In the bridal room, as the music changed to Whitney Houston’s “I Wanna Dance with Somebody,” Nana squeezed me against her. Her skin was pale and soft, with rouged pink cheeks, and she’d let her hair go white and cut it short, so that now it was a nest of curls on her head. I’d never seen her without makeup, or when she wasn’t dressed in what I thought of as an outfit, usually in shades of cream and rose and pink. For my bat mitzvah, she wore a tweed skirt and matching jacket made of tiny squares of pink and white with darker-pink trim around the lapels and the pockets, with a cream-colored silk blouse underneath, and she wore a hat, the way she always did in synagogue, a jaunty disc of pale-pink wool with the tiniest bit of netting peeking out from under the brim.
“Aren’t you going to put your party clothes on?” Her voice was so gentle, and, suddenly, I wasn’t angry anymore. I only wanted to cry.
“Why’d she have to do that?” I asked. I sounded like a little kid, like I was six and not thirteen, not officially an adult. “Why’d she have to make me sound like such a freak? I’m okay now, I haven’t even been in the hospital since sixth grade, and now all my friends are going to think I’m a huge weirdo.” My voice was wobbling just like my mother’s had, but there was no way I was going to cry.
“I’m not going to argue with you. That was not ideal.” Nana’s voice was dry. “Your friends will still be your friends, if they’re good friends. But I think that maybe your first act of Jewish womanhood is going to be forgiving your mother.”

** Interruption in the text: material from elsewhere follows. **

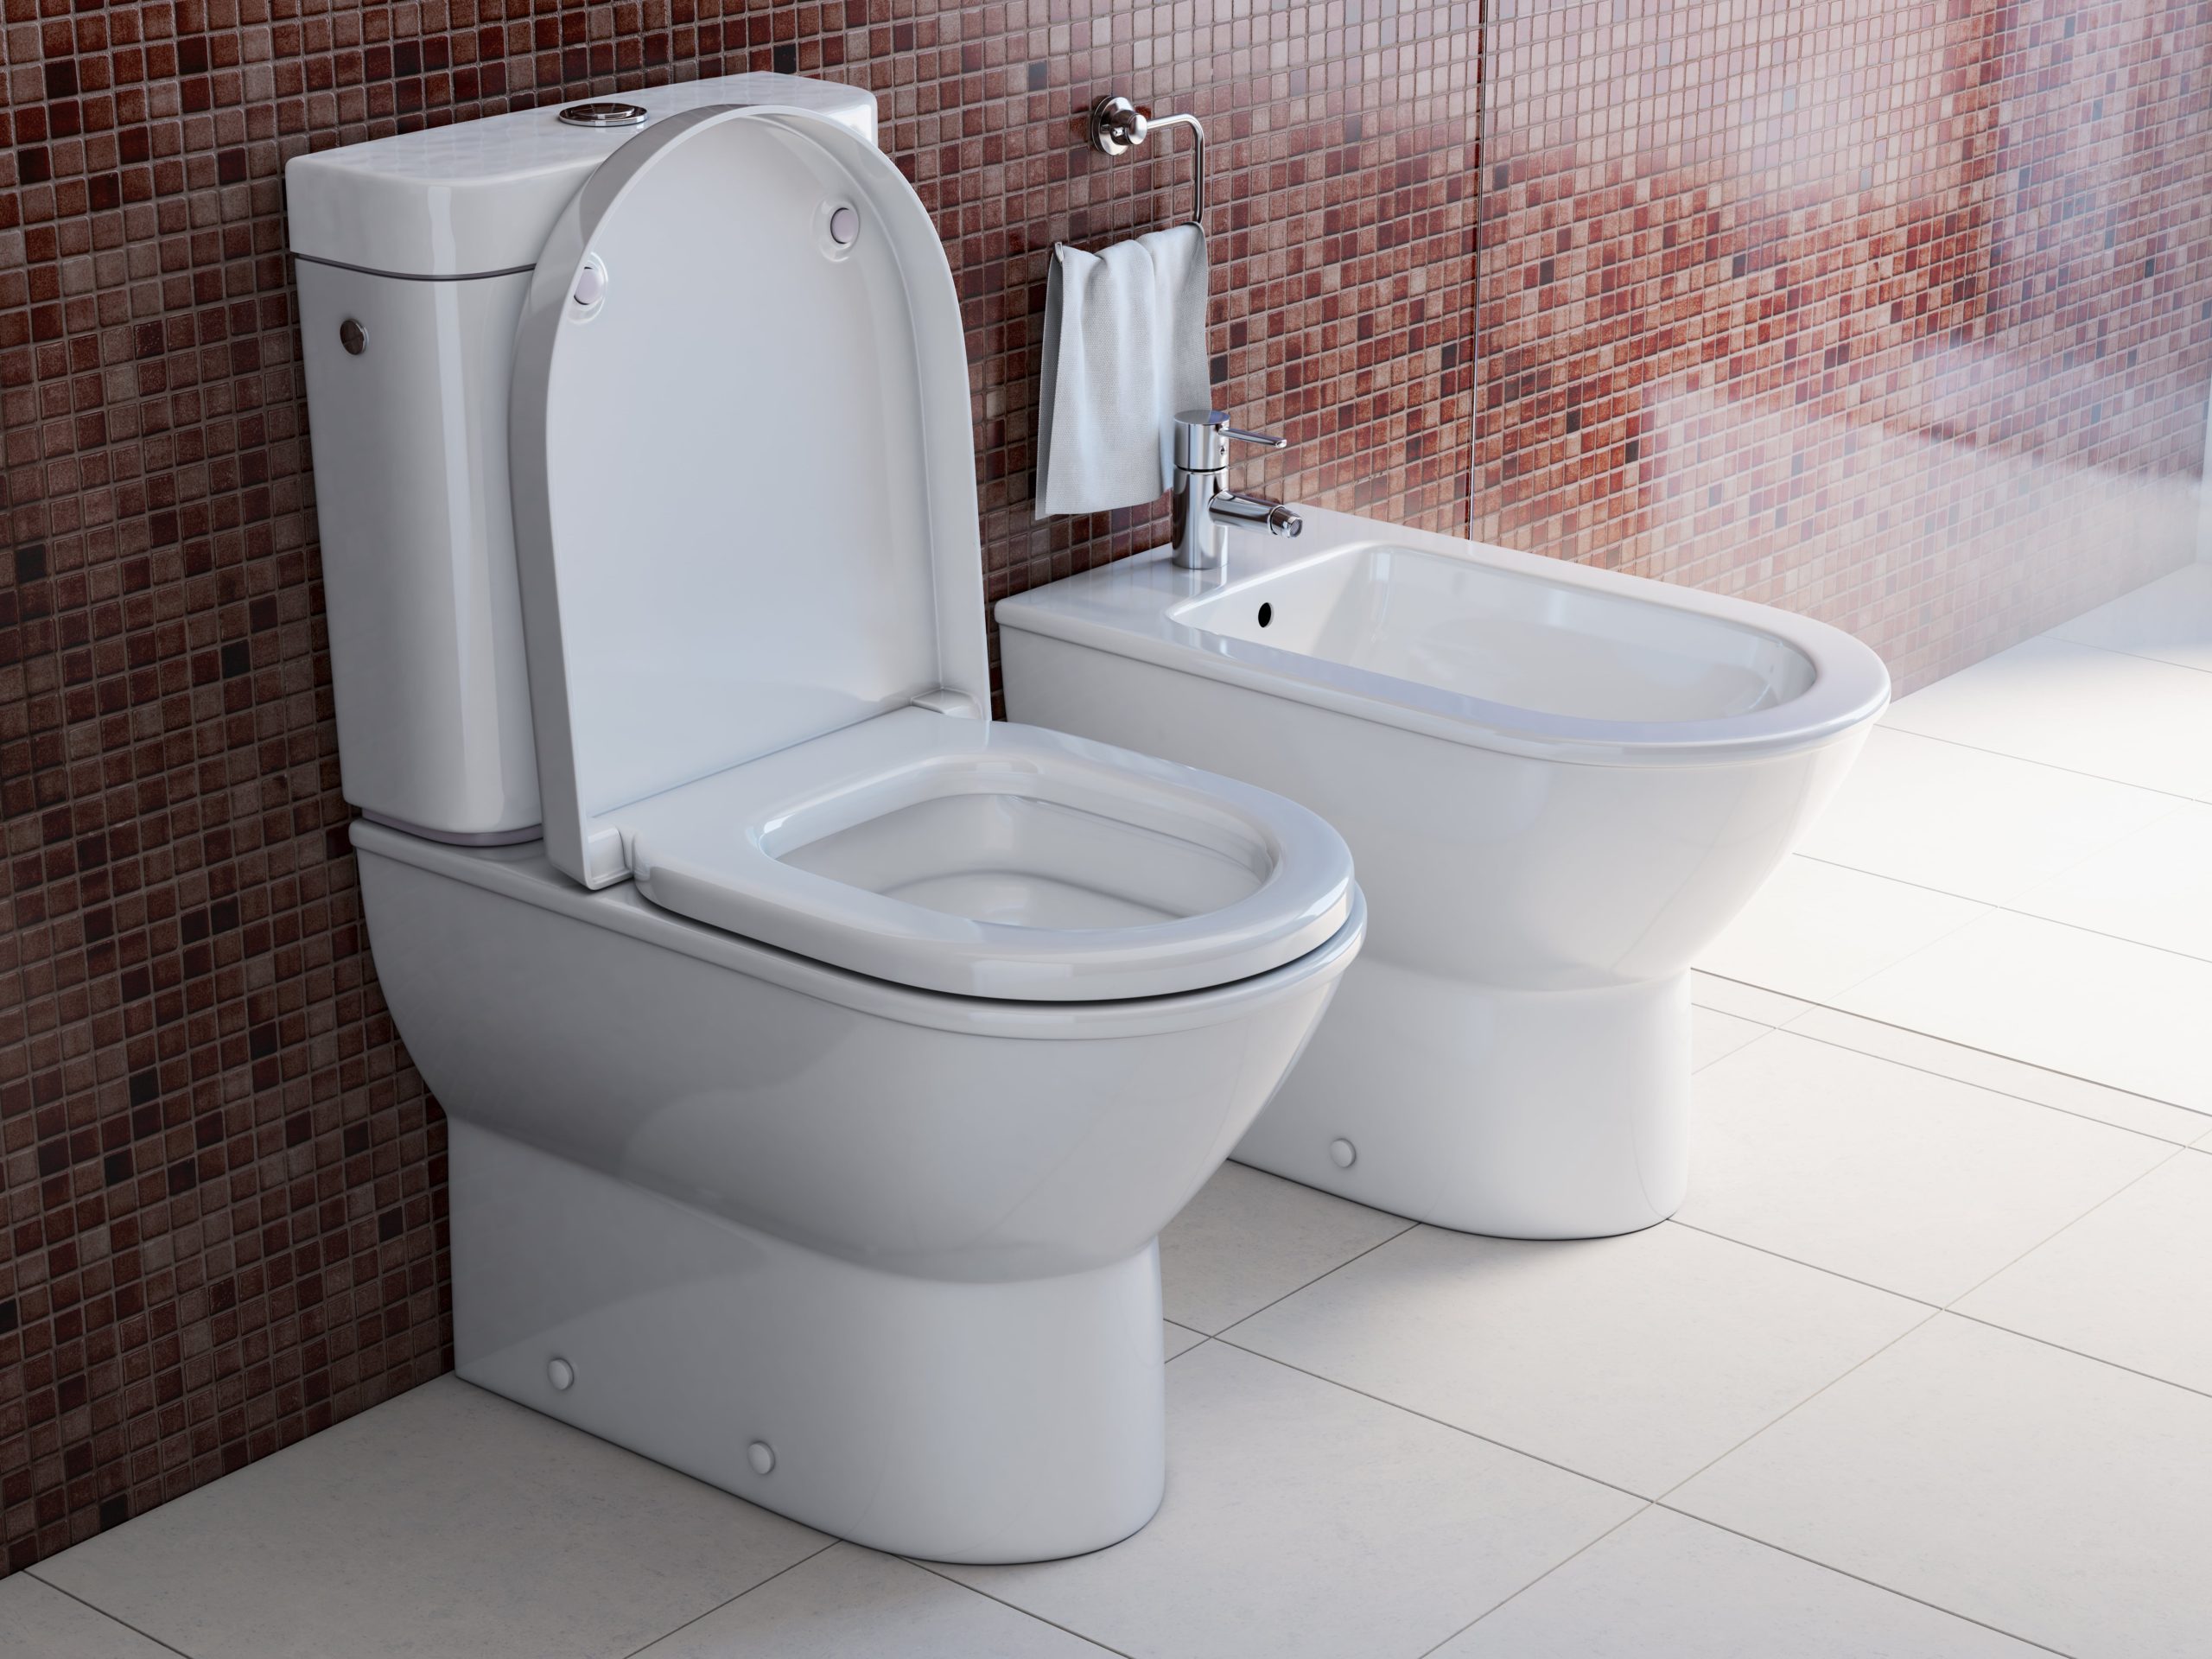 Pros and Cons of Installing a Bidet in Your Bathroom

That made me finally sit up and look at her. In my experience, parents were the ones who forgave kids—for leaving wet towels on the floor or leaving lunchboxes in our backpacks over the weekend, for forgetting to take in our homework or bring home permission slips, for the hundred ways, large and small, that we messed up and disappointed them. Children did not forgive their parents. But Nana was looking at me, her expression serious. “Parents aren’t perfect,” said Nana. “I wasn’t, and your mother isn’t, and if you have children you probably won’t be, either.” I liked her a lot then, for saying if, not when, the way my other grandmother, my father’s mother, always did. “Your mother loves you very much, and it hasn’t been easy for her. I know you don’t like thinking about it, and I certainly can understand that you don’t want to make a big deal about it, but, Rachel, she really did suffer.”
I shut my eyes again. I knew that Nana was right and that my mother had suffered, but all I could think about was how she’d give this exact speech, this exact same performance, at my graduation, and my wedding, and when—if—I had my first kid, and how everywhere I’d go and with everyone I’d meet, my mother would be there to remind them about how I might look normal but I wasn’t; how I was really sick and fragile, how I almost died and could almost die, that I would never be like them.
Outside the door, I heard people laughing, the sound of running feet, probably girls on their way to the bathroom. The appetizers were probably being served by now, the little hot dogs wrapped in pastry that were my favorites, and the egg rolls with the apricot dipping sauce.
“Did you hear what the rabbi said about being a woman of valor?” Nana asked.
I shrugged. I didn’t want to admit that I hadn’t exactly been listening to the rabbi, that I’d been thinking about the party, and how great it was that I had new friends who were pretty and popular and had never known me as sick or strange or broken.
Nana shook her head, smiling. “That man does love the sound of his own voice. But he wasn’t bad today. Eshet chayil,” she said in Hebrew. “There’s a poem about it, from Proverbs. I used to know the whole thing, but the part I remember best—the part that made me think of you—says, ‘She opens her hand to those in need, and offers her help to the poor.’ ”
“My mom isn’t poor,” I mumbled.
Nana sighed. “No, but she’s needy. She needs to believe that you’re going to be all right, and that’s something no doctor can tell her for sure. Can you imagine how hard that’s been?”
I couldn’t. But I thought that I could at least be kind to my mother, even if I didn’t understand her, even if she embarrassed me.
Nana pulled herself up straighter, adjusting her hat, then recited, “ ‘Charm is deceptive and beauty short-lived, but a woman loyal to God has truly earned praise.’ ”
“I don’t know if I believe in God,” I blurted. I’d been thinking about that a lot, but I hadn’t planned on saying anything, especially not on the day of my bat mitzvah. But what kind of god would let six million people die in ovens in the Holocaust? What god would let little kids get kidnapped, or die in their car seats on hot days after their parents forgot that they were in the car? What god would let a baby be born with a defective heart, or let her mother embarrass her to death at her bat mitzvah? Why would God have let Alice die?